A saúde mental e o preparo para a redação são alguns dos pontos críticos para os alunos que passarão pelas provas do próximo Enem, conforme avalia Rui Aguiar, chefe do escritório do Fundo das Nações Unidas para a Infância (Unicef, na sigla em inglês) em Fortaleza. Confira a mini-entrevista: 

Na sua análise, a decisão pelas novas datas do Enem foi acertada? É tempo suficiente de preparação para os estudantes? 

O adiamento era necessário e não podemos descartar um novo ajuste de data face à situação de crise sanitária vivida pelo país. Esta decisão precisa ser complementada com medidas emergenciais para garantir que alunos da rede pública tenham acesso a programas de acompanhamento pedagógico e a pacotes de dados de internet para terem as condições mínimas de participação em um processo extremamente competitivo e cujas desigualdades nas condições de preparação são decisivas no resultado do exame.  

Quais os maiores prejuízos da pandemia aos alunos e como devem repercutir nas provas? 

O maior prejuízo está no déficit de aprendizagem de estudantes da escola pública que estão sem acesso a aulas remotas ou a programas compensatórios criados pelas redes públicas para garantir a preparação para o exame.
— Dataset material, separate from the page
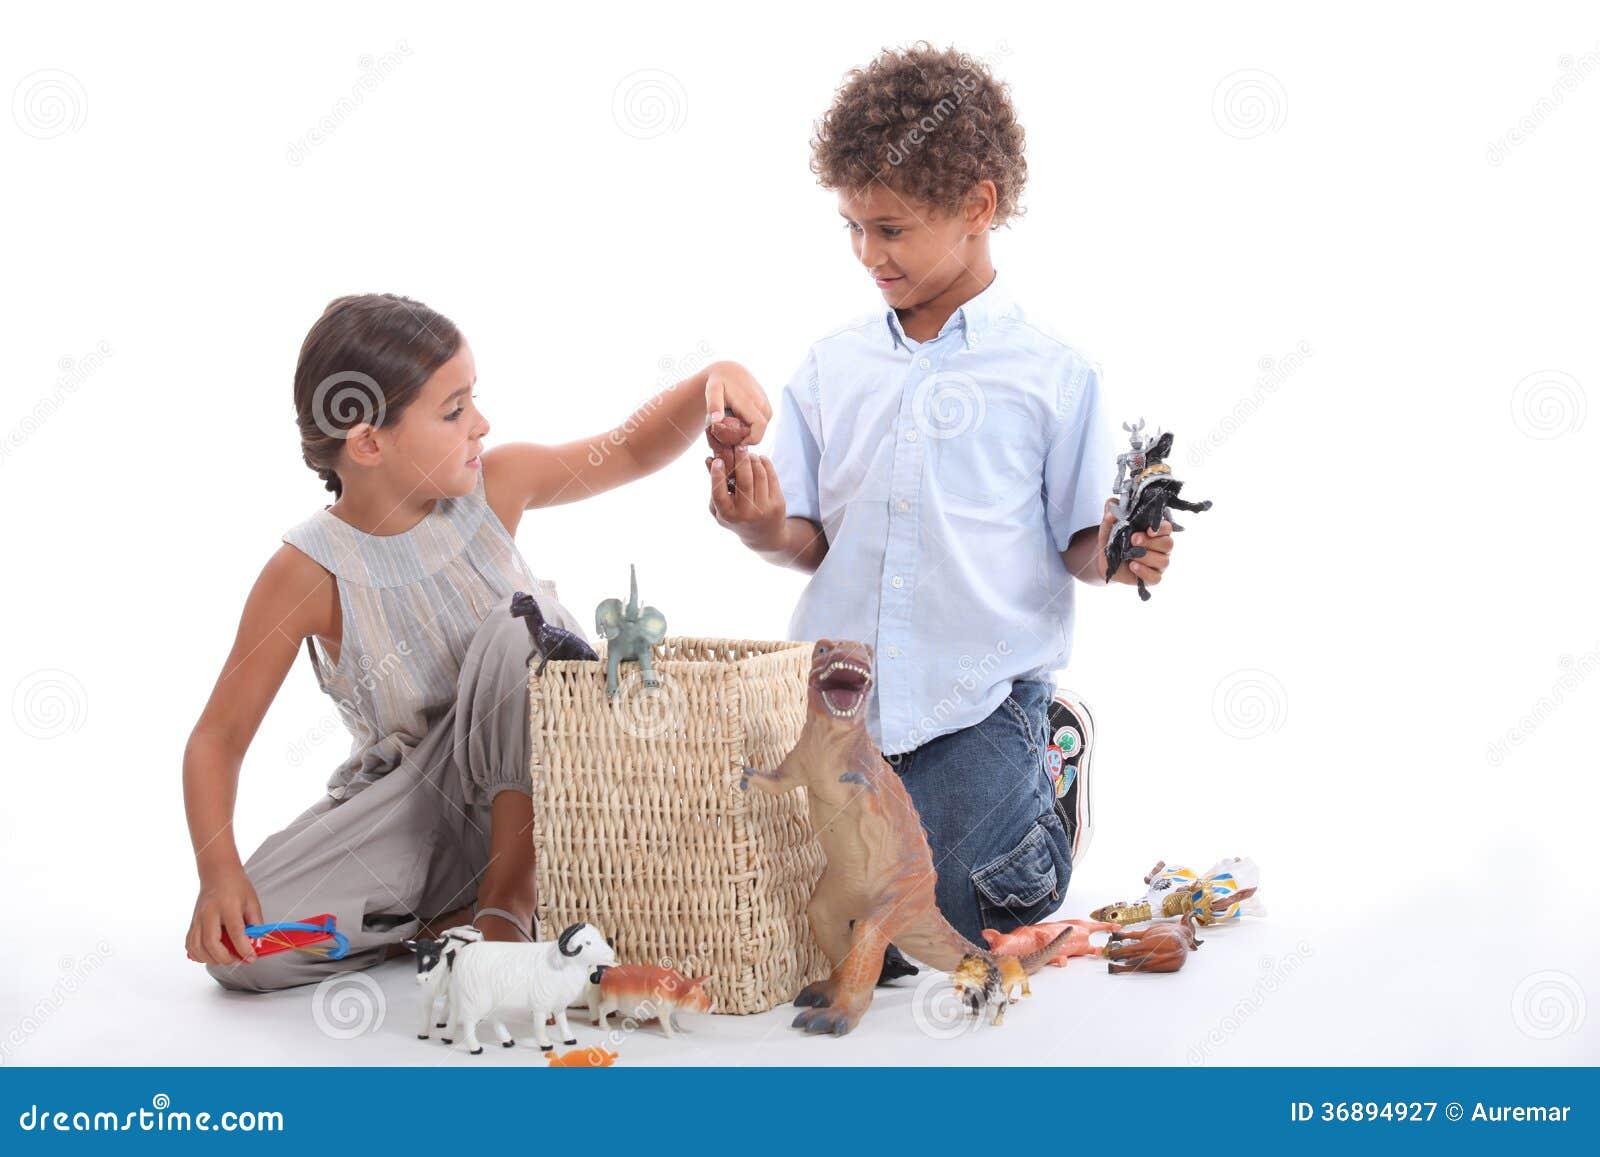 Download Fratello E Sorella Che Giocano Con Il Giocattolo Immagine Stock - Immagine di prestazioni, barretta: 36894927

Um fator determinante para isso é, por exemplo, a inexistência de computador em casa, telefone celular e internet, imprescindíveis para o acompanhamento remoto ou mesmo para o prosseguimento de estudos individuais, como é o caso de milhares de jovens que já concluíram o ensino médio e estão estudando em casa por conta própria.  

Como as escolas, sobretudo públicas, devem se preparar para dar suporte a eles? O que deve ser mais trabalhado a fim de mitigar essas perdas? 

Um dos pontos críticos da preparação é a redação, que exige um esforço adicional das escolas no terceiro ano. Uma boa prática seria a de se estabelecer um programa pedagógico de apoio remoto à produção de redações pelos alunos da rede pública, com suporte e revisão dos professores da área. Outro aspecto importante está relacionado com a saúde mental, pois a situação de ansiedade típica do Enem está sendo bastante agravada pela pandemia. Um terceiro aspecto diz respeito ao acesso a materiais didáticos e complementares, muitos deles existentes em bibliotecas públicas ou escolares que estão fechadas e poderiam criar mecanismos de empréstimo a estudantes do terceiro ano do ensino médio, por exemplo.  

O nível desta edição do Enem deve ser mais baixo, na sua visão? 

O Enem é construído sobre a Teoria da Resposta ao Item, que é um algoritmo bastante complexo, mas que pode ser programado e adequado aos objetivos do exame. O fator mais preocupante deverá ser mesmo a evasão no dia da prova.